Speaking of OpenSSL, a few years ago this paper came out about OpenSSL's 
vulnerability to adversarial composites. Quote:

"As examples of our findings, weare able to construct 2048-bit 
composites that are declared prime with probability 1/16 byOpenSSL’s 
primality testing in its default configuration; the advertised 
performance is 2^−80. We can also construct 1024-bit composites 
that always pass the primality testing routine in GNU GMP when 
configured with the recommended minimum number of rounds."

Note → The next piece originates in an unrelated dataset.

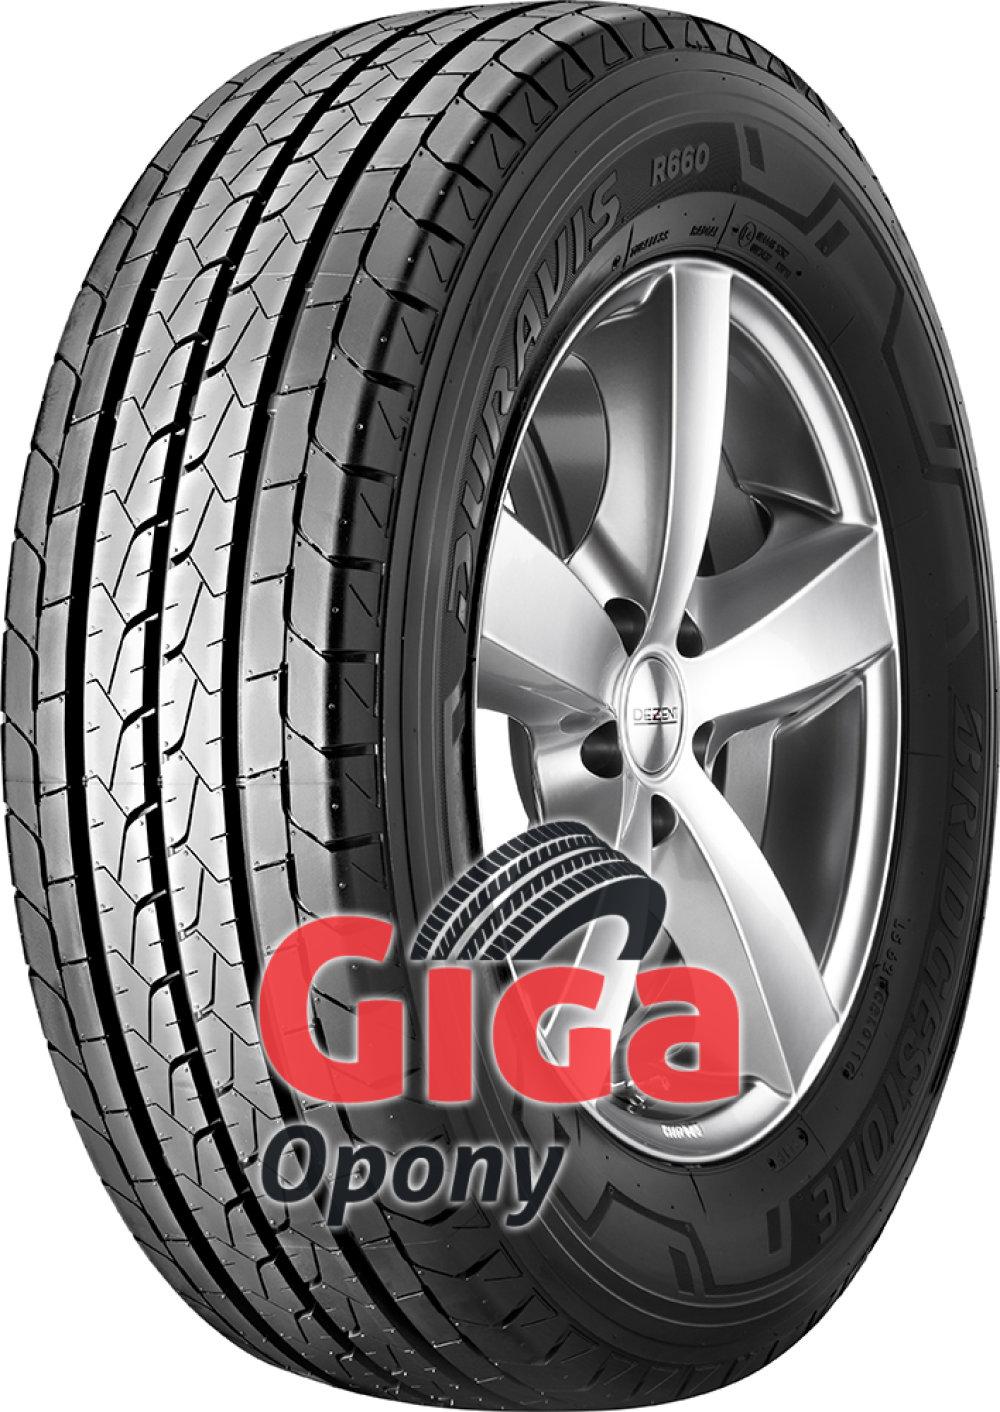 Bridgestone Duravis R660 ( 185/75 R16C 104/102R )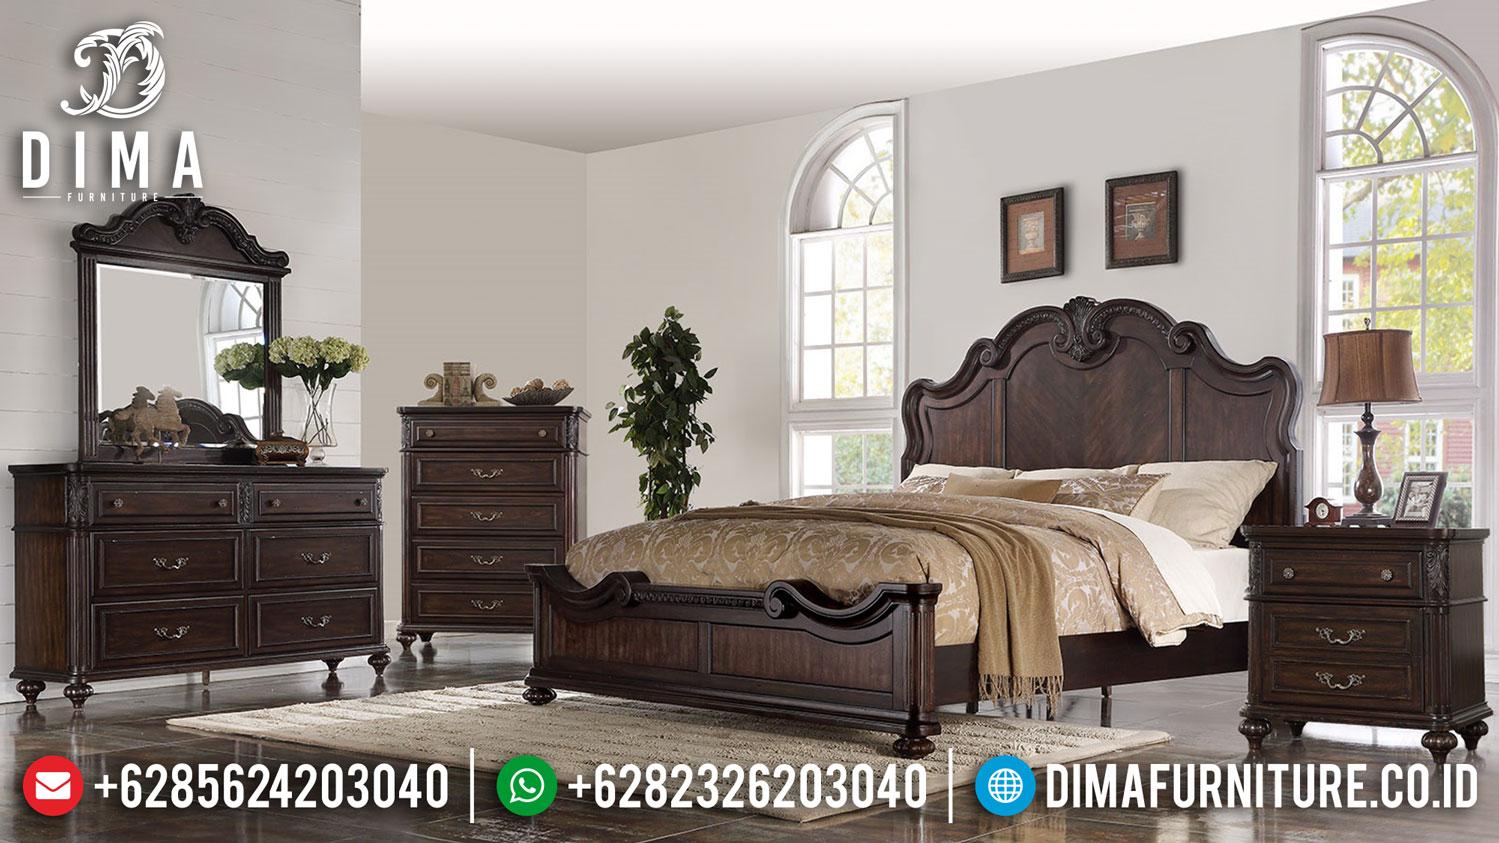 Jual Tempat Tidur Mewah Luxury Classic Louise Design Inspiring Bedroom TTJ-1330

https://eprint.iacr.org/2018/749.pdf

The paper discusses various languages, libraries, crypto toolkits, 
computer algebra systems, etc, including some Python libraries, and 
shows how many of them are vulnerable to adversarial composites. With 
some of them, the authors were able to defeat the isprime function 100% 
of the time.

My take on this is as follows:

For 64-bit ints, a deterministic set of M-R bases is sufficient (since 
it's deterministic there's no way to fool it into passing a composite as 
prime).

For ints with more than 64-bits, the authors suggest either:

- a minimum of one M-R test with base 2, followed by 1 Lucas test (this 
  is equivalent to a Baillie-PSW test; there are currently no known 
  Baillie-PSW pseudoprimes and no known adversarily attacks against it;

  (unless the NSA has some, but if so, they aren't saying)

- a default of 64 rounds with randomly choosen Miller-Rabin bases.

Presumably doing trial division on larger numbers to weed out the easy 
cases is acceptable too :-)